Go to the line containing "Свадебное платье в" in the records below and print it and every following line exactly, on through the line containing "Yale Blue Woven", then stop.

__TASK INPUT__:

= = = =

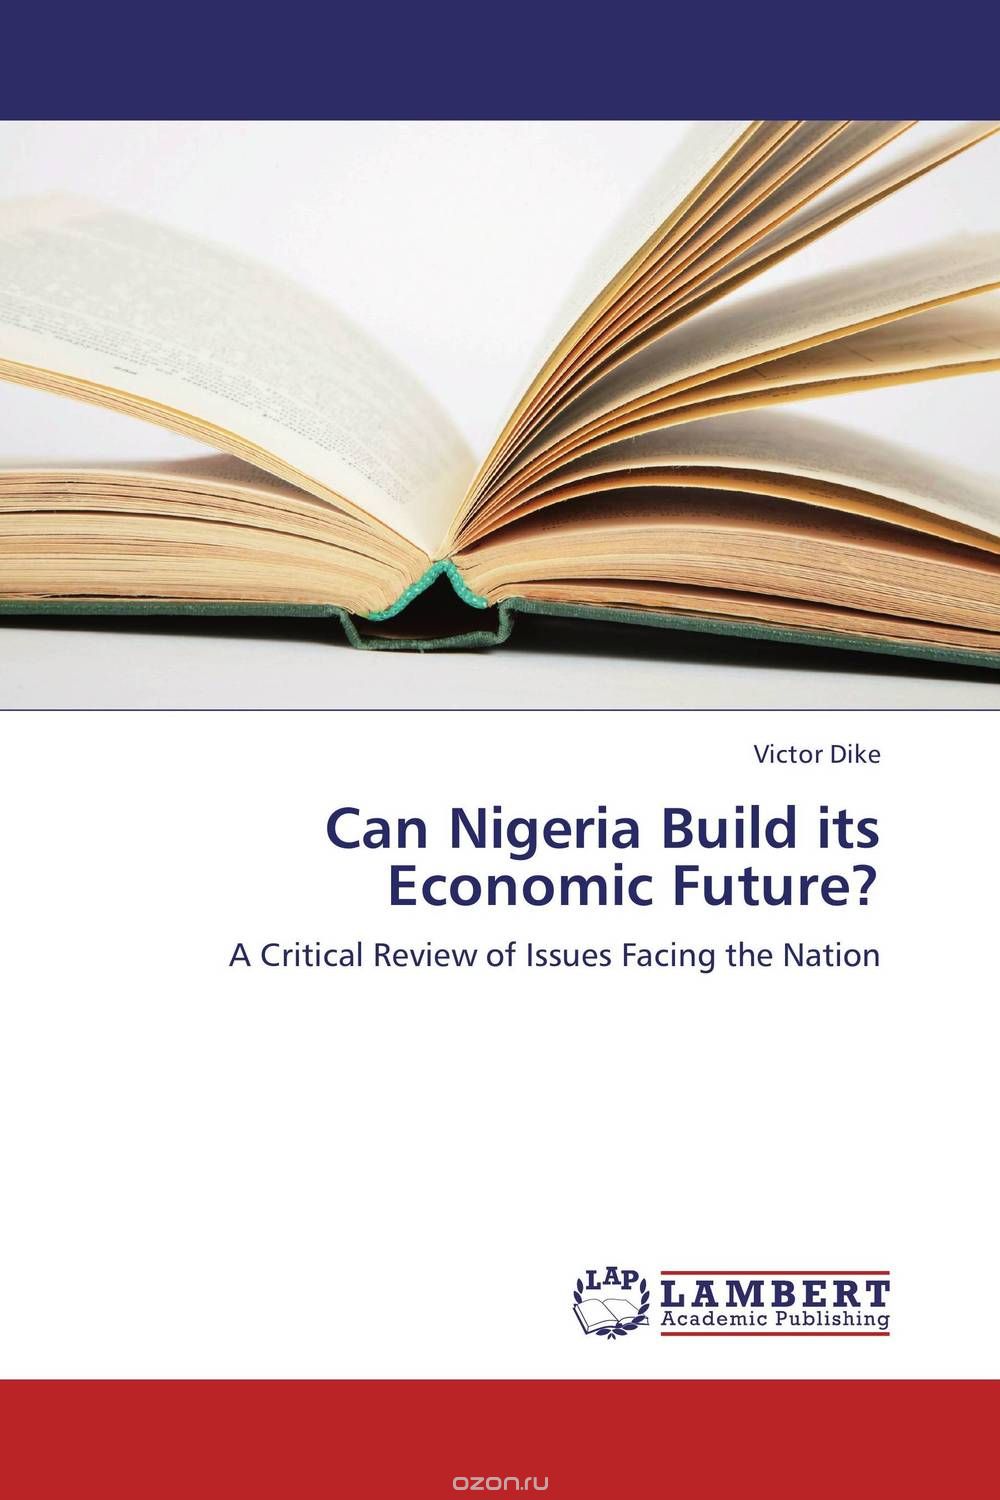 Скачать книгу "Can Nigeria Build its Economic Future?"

= = = =

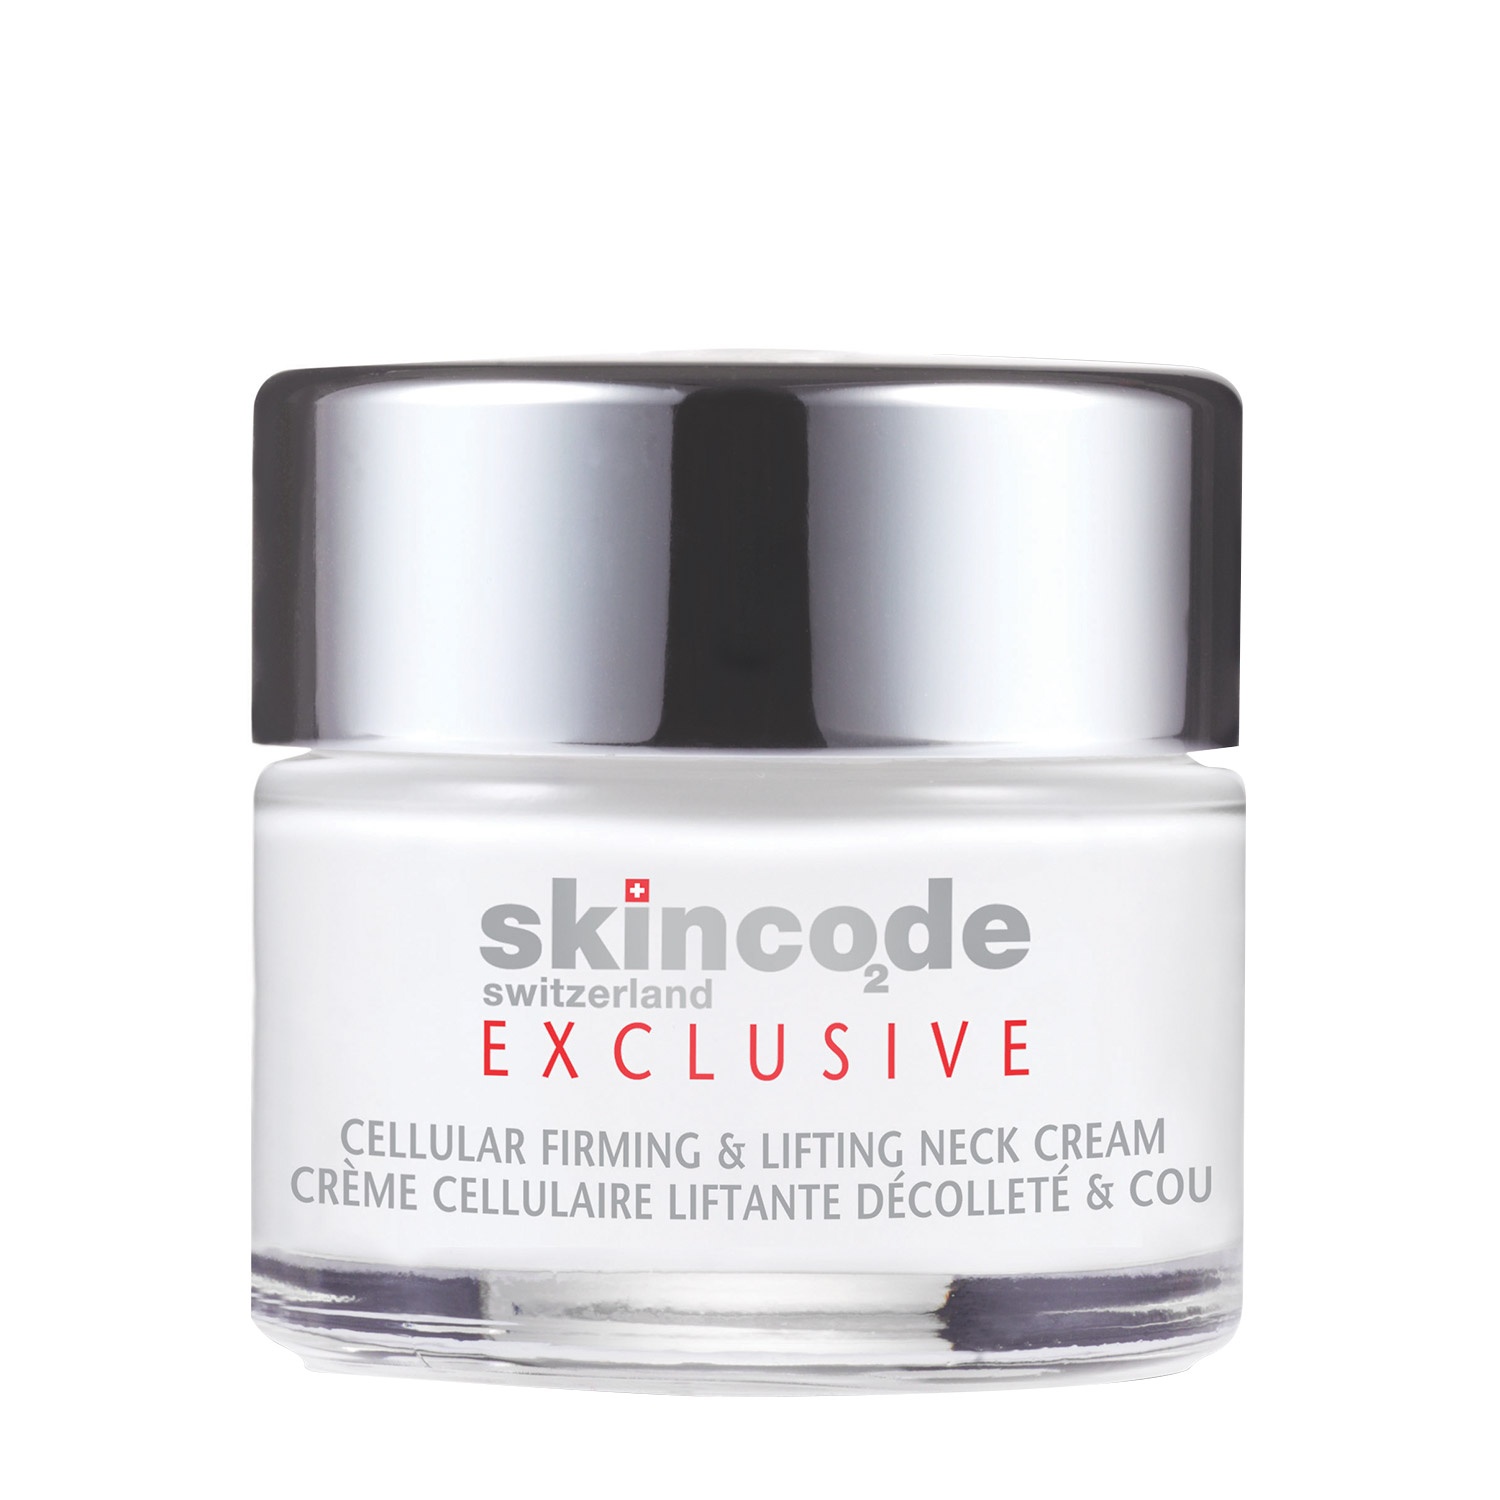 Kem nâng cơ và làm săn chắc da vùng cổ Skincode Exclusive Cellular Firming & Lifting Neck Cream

= = = =

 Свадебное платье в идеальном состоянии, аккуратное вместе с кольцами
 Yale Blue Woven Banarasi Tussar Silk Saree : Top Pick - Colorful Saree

= = = =

__RESPONSE BOX__:
 Свадебное платье в идеальном состоянии, аккуратное вместе с кольцами
 Yale Blue Woven Banarasi Tussar Silk Saree : Top Pick - Colorful Saree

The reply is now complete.